When aftermarket departments (29.15% and 31.79% in parts and service profits, respectively) bring in more than 60% of the profits in a reasonably performing dealership, all dealer-principals should pay serious attention to maximizing their performance. And increasing their contribution level is not difficult with proper management and focus.
Assuming that a dealership already has inventory, technicians and support and counter staff in place, it all begins with organizing and setting reasonable goals for each department.
We follow a simple structure for designing targets and setting performance expectations. We call these the “Critical Department Variables.” These 5 factors are:
- Revenue/Market Share
- Financial Performance/Profits
- Employee Productivity
- Asset Management/Utilization
- Customer/Employee Satisfaction
Increasing the revenue of your parts and service departments is critical to long term health of your company. To accept the same as last year or less, means that with price increases, inflation and the cost of capital, you are going backwards. It’s easy to measure parts sales in dollars from one year to the next and see the difference. Service activity requires more thought.
One measurement to consider for service is “technician market share,” or the number of technicians in your dealership compared to those in all the other competitors in your area.
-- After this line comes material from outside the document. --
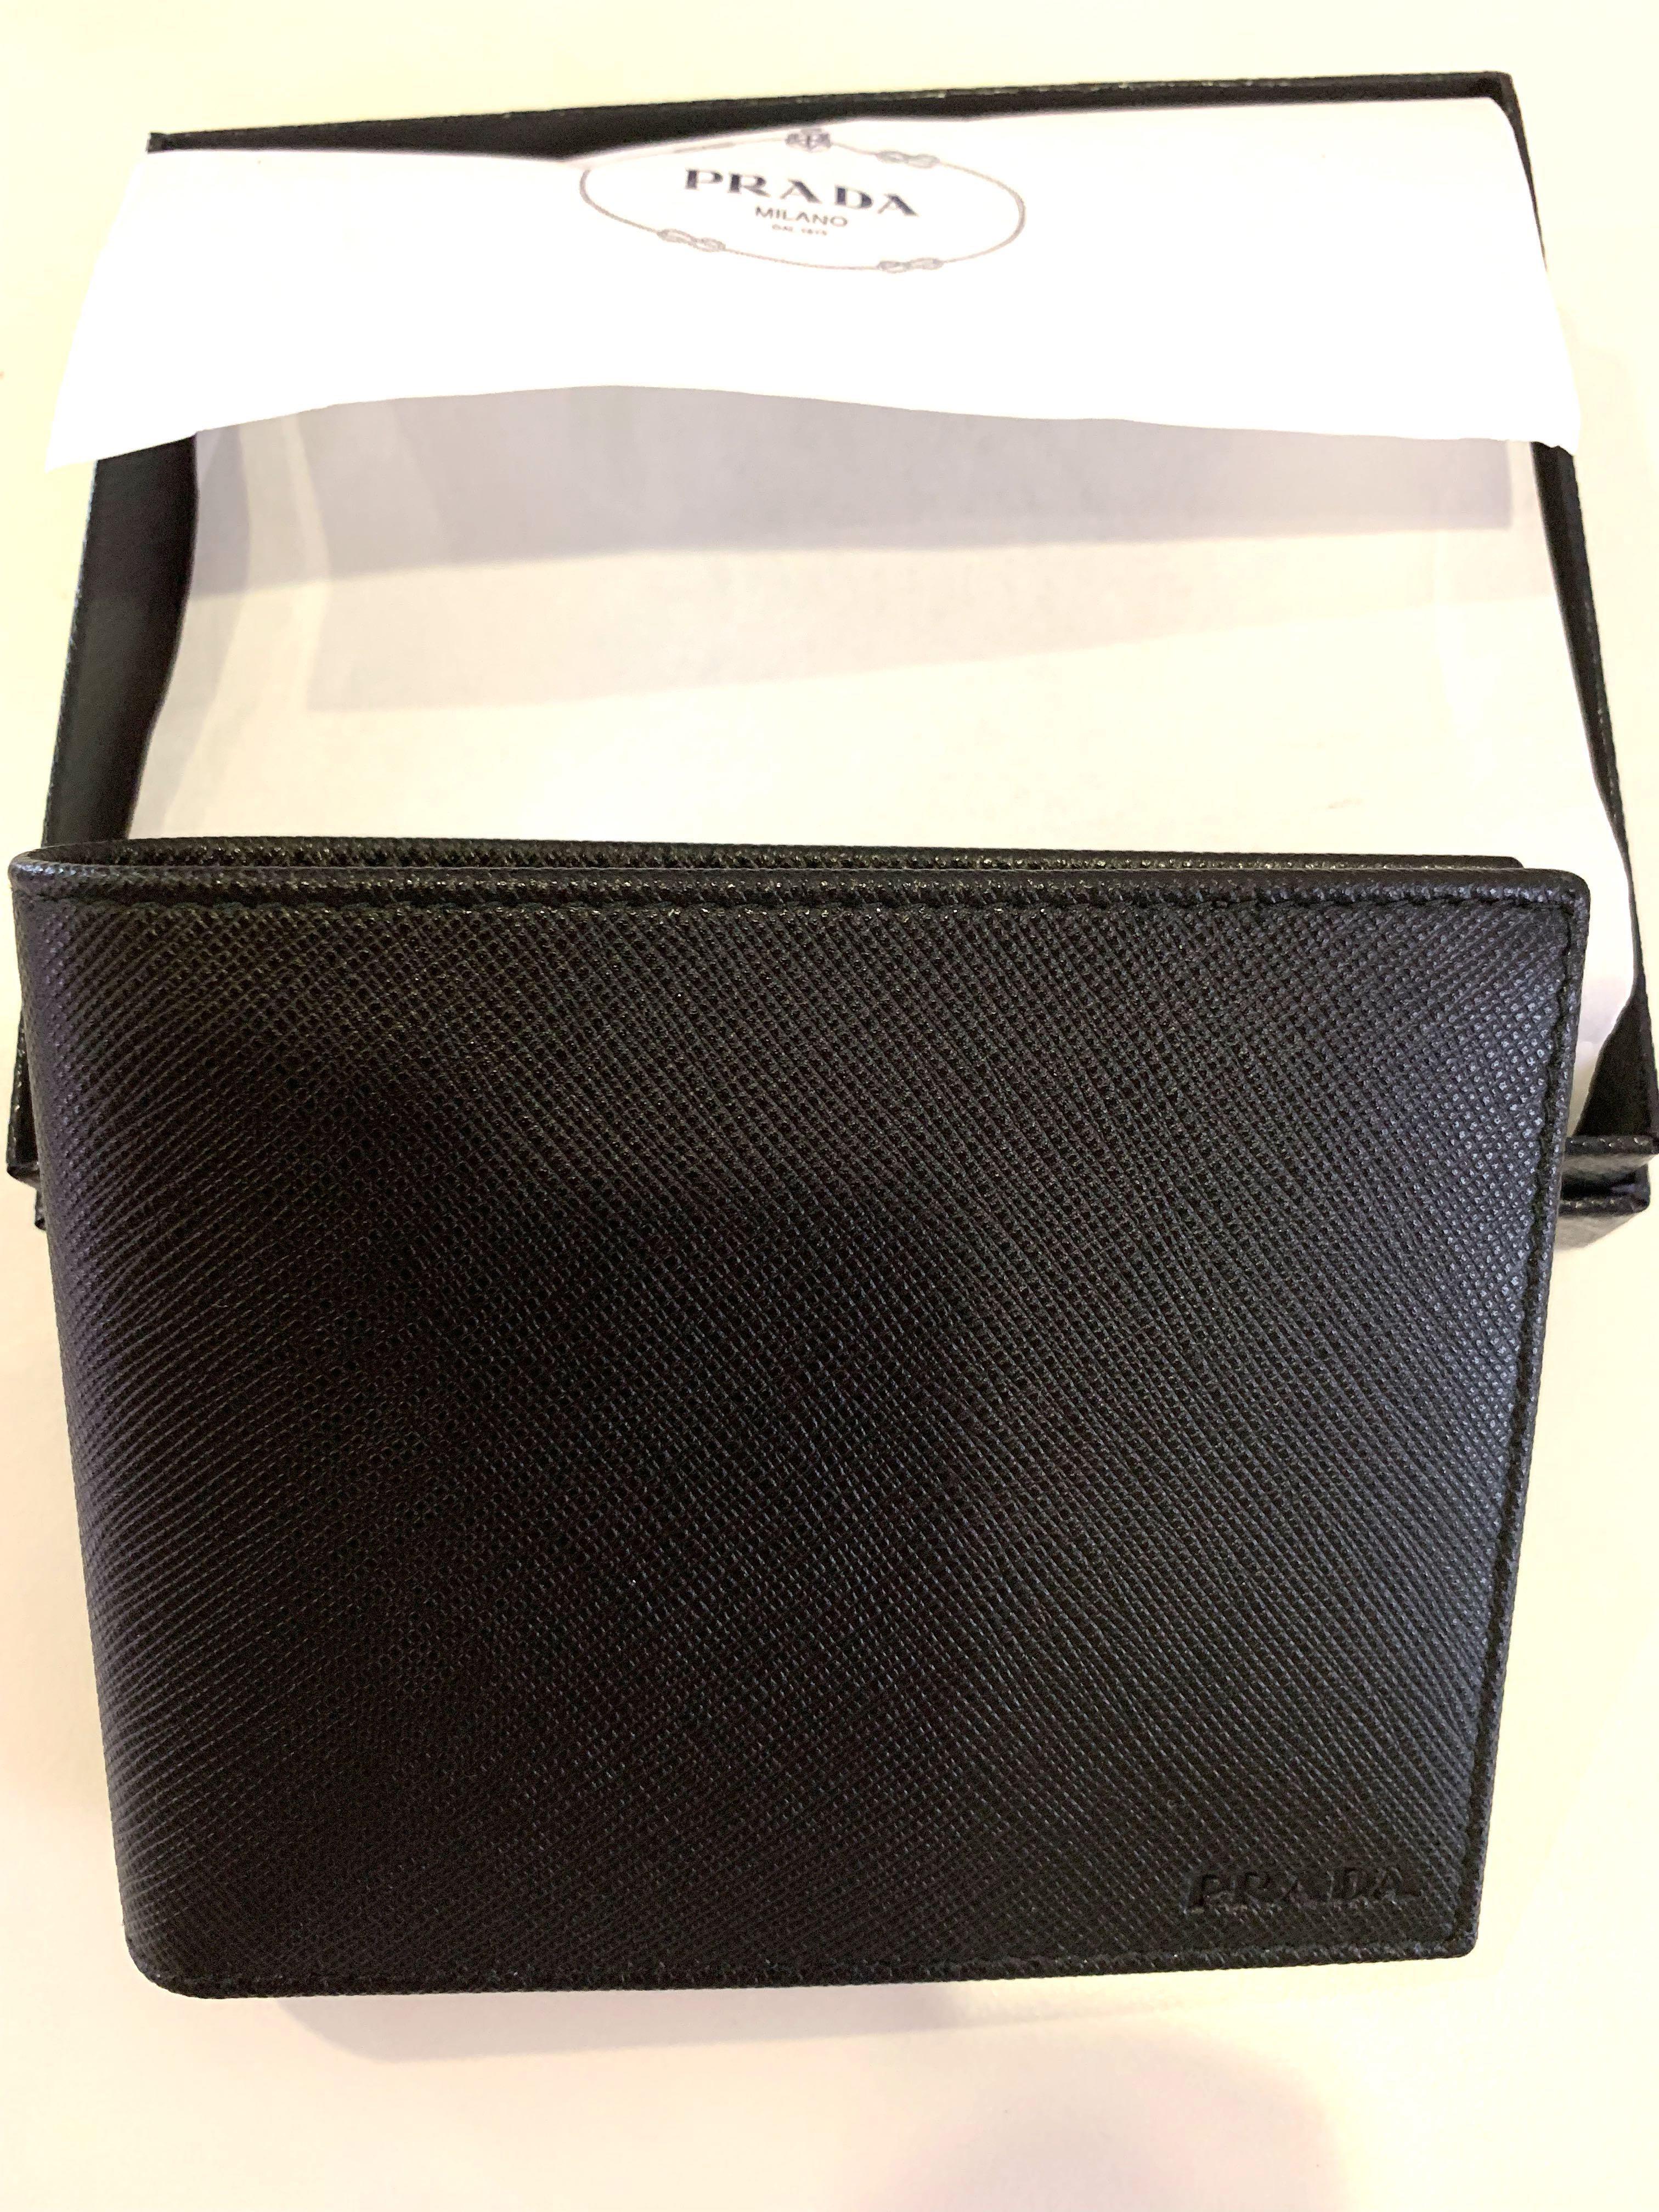 c8354ed9aebf Prada new in box men wallet black, Men's Fashion, Bags & Wallets ...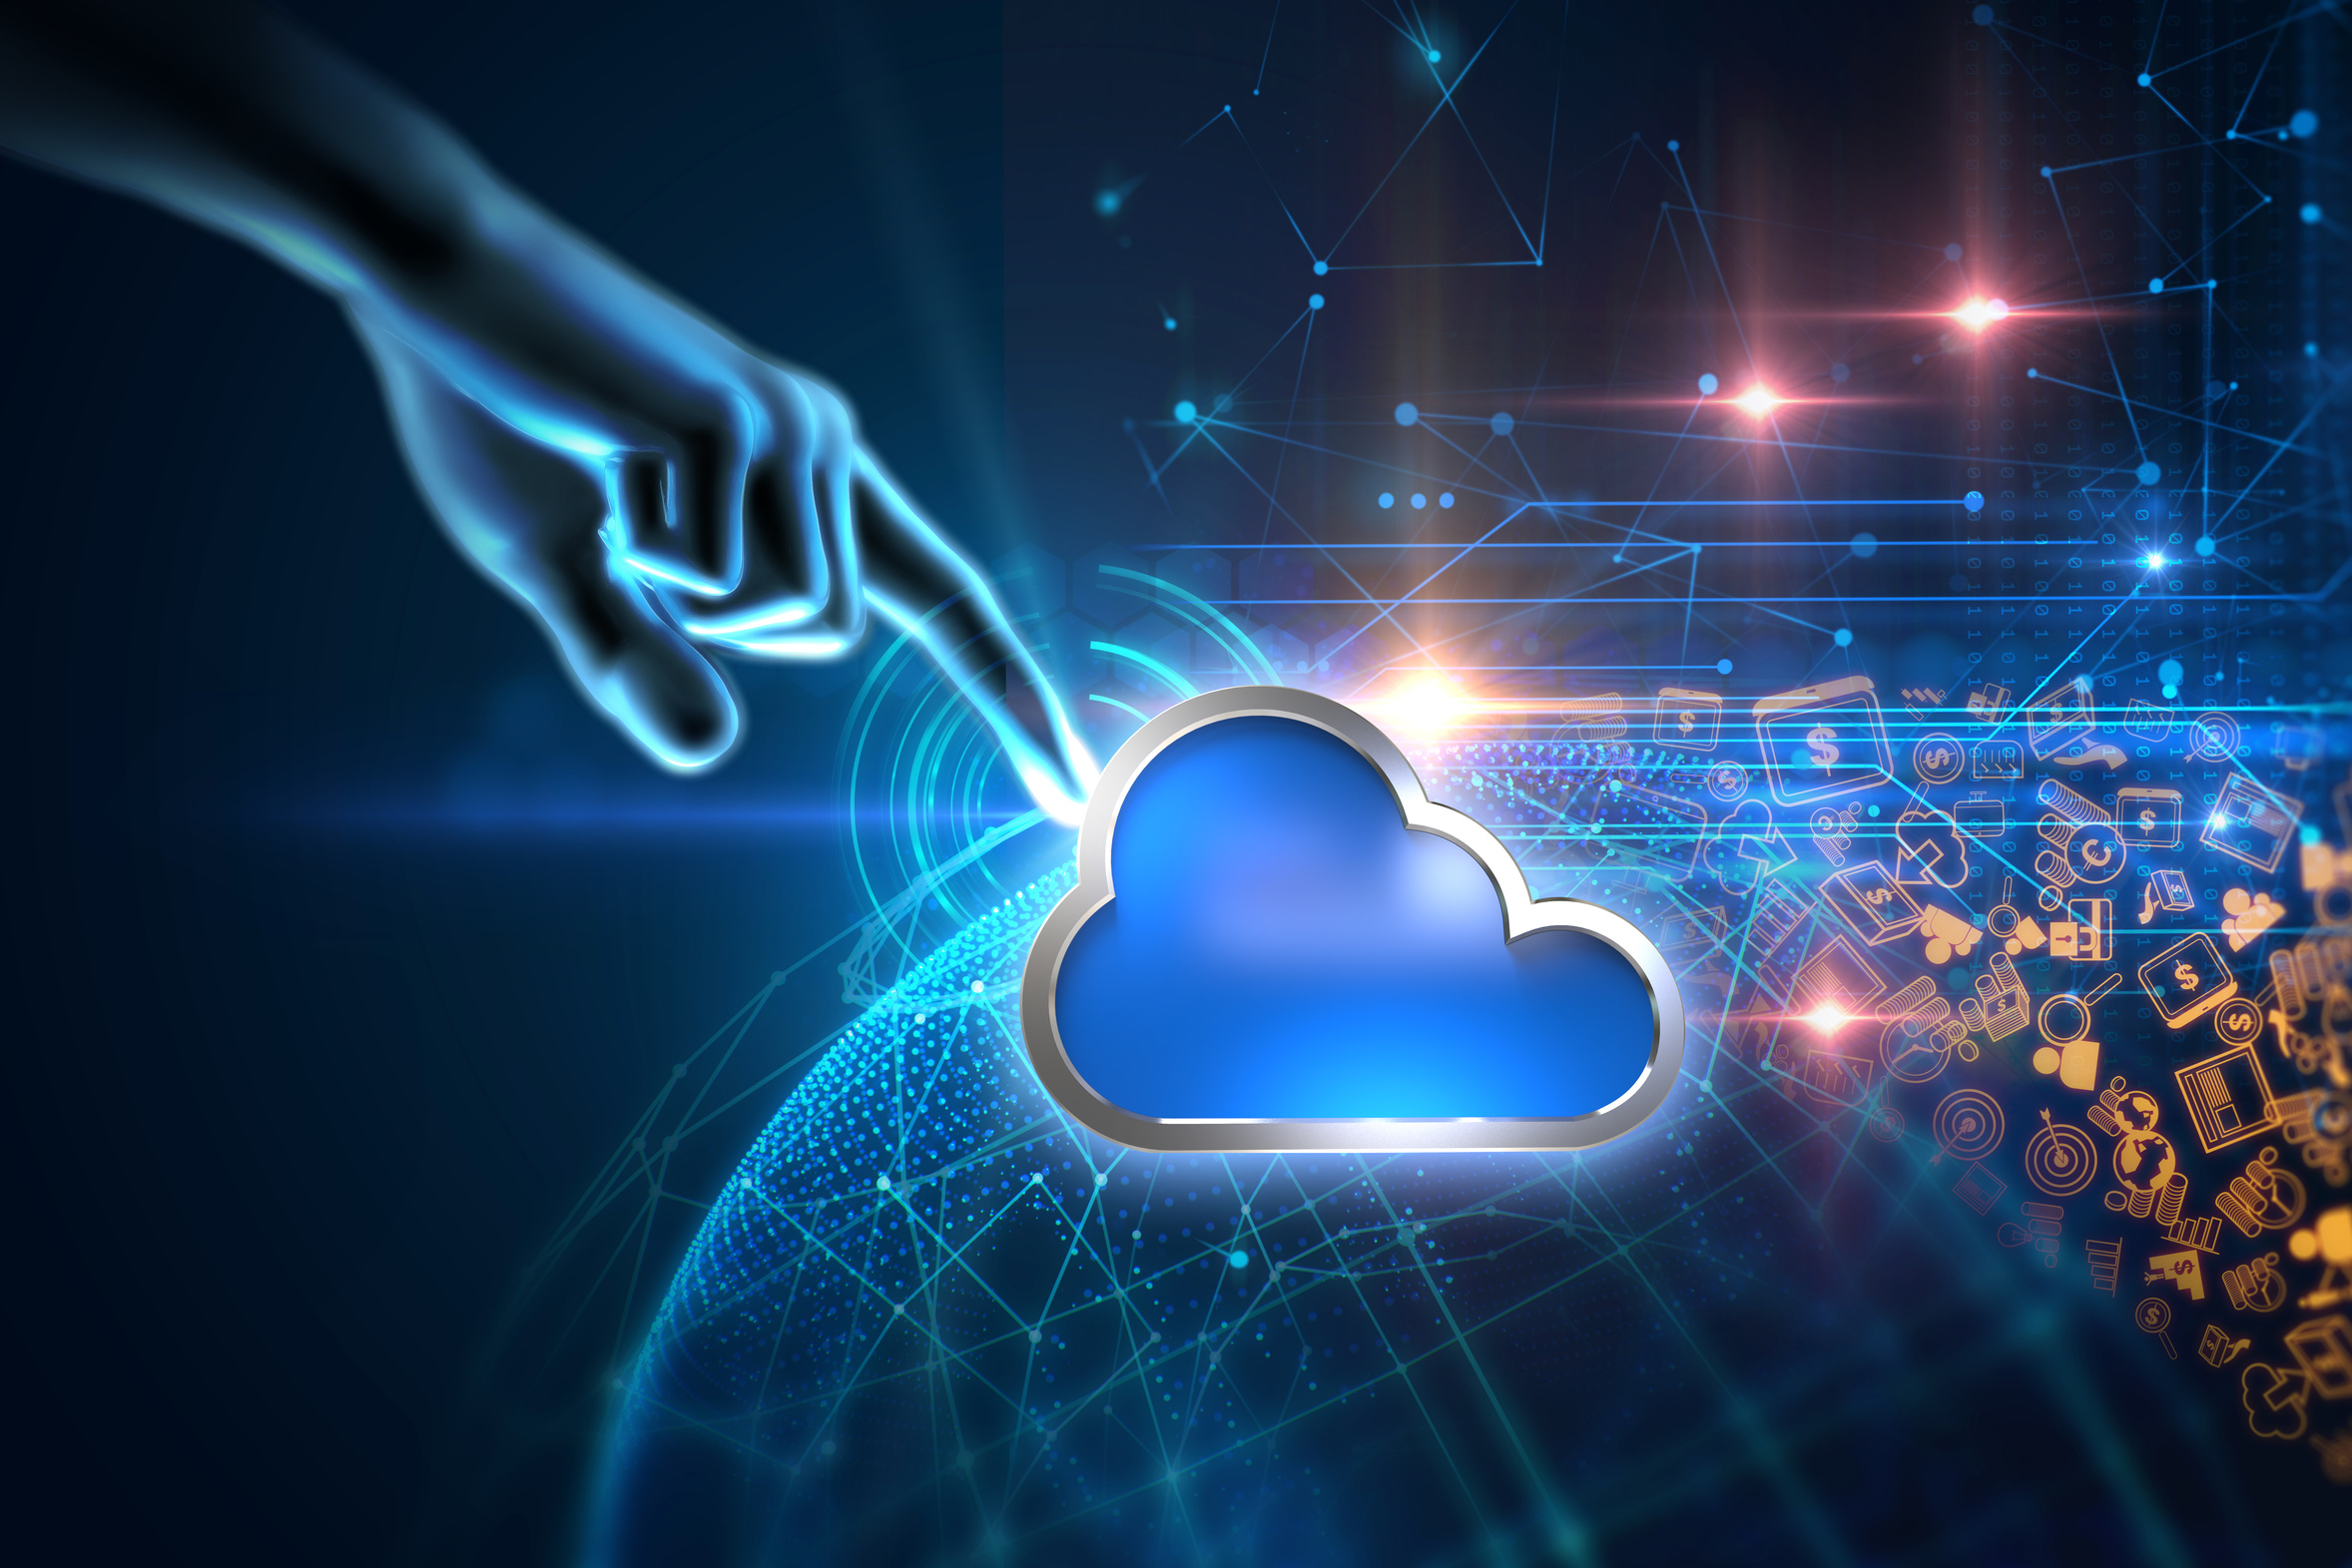 Sekcja start-upów w Cloud Community Europe

As an example, if your dealership employs 9 technicians and the sum of all your local competitors is 57, your technician market share would be 16%. While a rough estimate, those other technicians aren’t likely to do far more work than your technicians, so the calculation is fairly accurate when using this simple method.
While it’s hard to measure other dealers’ parts volume in order to calculate parts market share, you can compare your sales dollars from year-to-year to ensure that you’re increasing parts sales.
Dealers should expect to grow 20% year over year in both the parts and service departments. For parts, that means 20% more in dollars of parts sales. For service, that not only means 20% more in dollars, but likely means that you need 20% more billable hours than last year, which could signal the need to add another technician — that is, if current technicians are fully productive.
The second critical department variable is financial management and includes managing the gross profit percentage in each department as well as controlling the expenses. Standards of performance must be established for both departments.
Our experience with hundreds of dealers over the years has identified some “best practices” benchmarks from dealers who are consistently profitable. The box at left shows the benchmarks for each department.
Note that 10% of the sales are reserved to cover (or absorb) the general and administrative costs of your dealership; so the net profit numbers expected in this model are not too high for good-performing dealers.
Managing profit margins is accomplished by controlling the cost of parts purchases, and recording all labor for service technicians. But a more important factor is to set, and hold, your revenue standards. Of course, you must be “competitive” on parts pricing, but usually this is a factor only for the major competitive items. There are always special and unique items that allow higher margins, thus providing the opportunity to price higher when parts are included on a service repair ticket.
In particular, you possess more control of labor and parts margins when you “quote” or “flat-rate” a repair job. The prices in the quote communicate the total value of your work — which should include your dealership warranty or how you back up your service. The customer wants the equipment working again with no downtime and with the confidence that the work will be done right the first time. If you live up to your word, such additional value-added service can bring higher margins for both parts and service.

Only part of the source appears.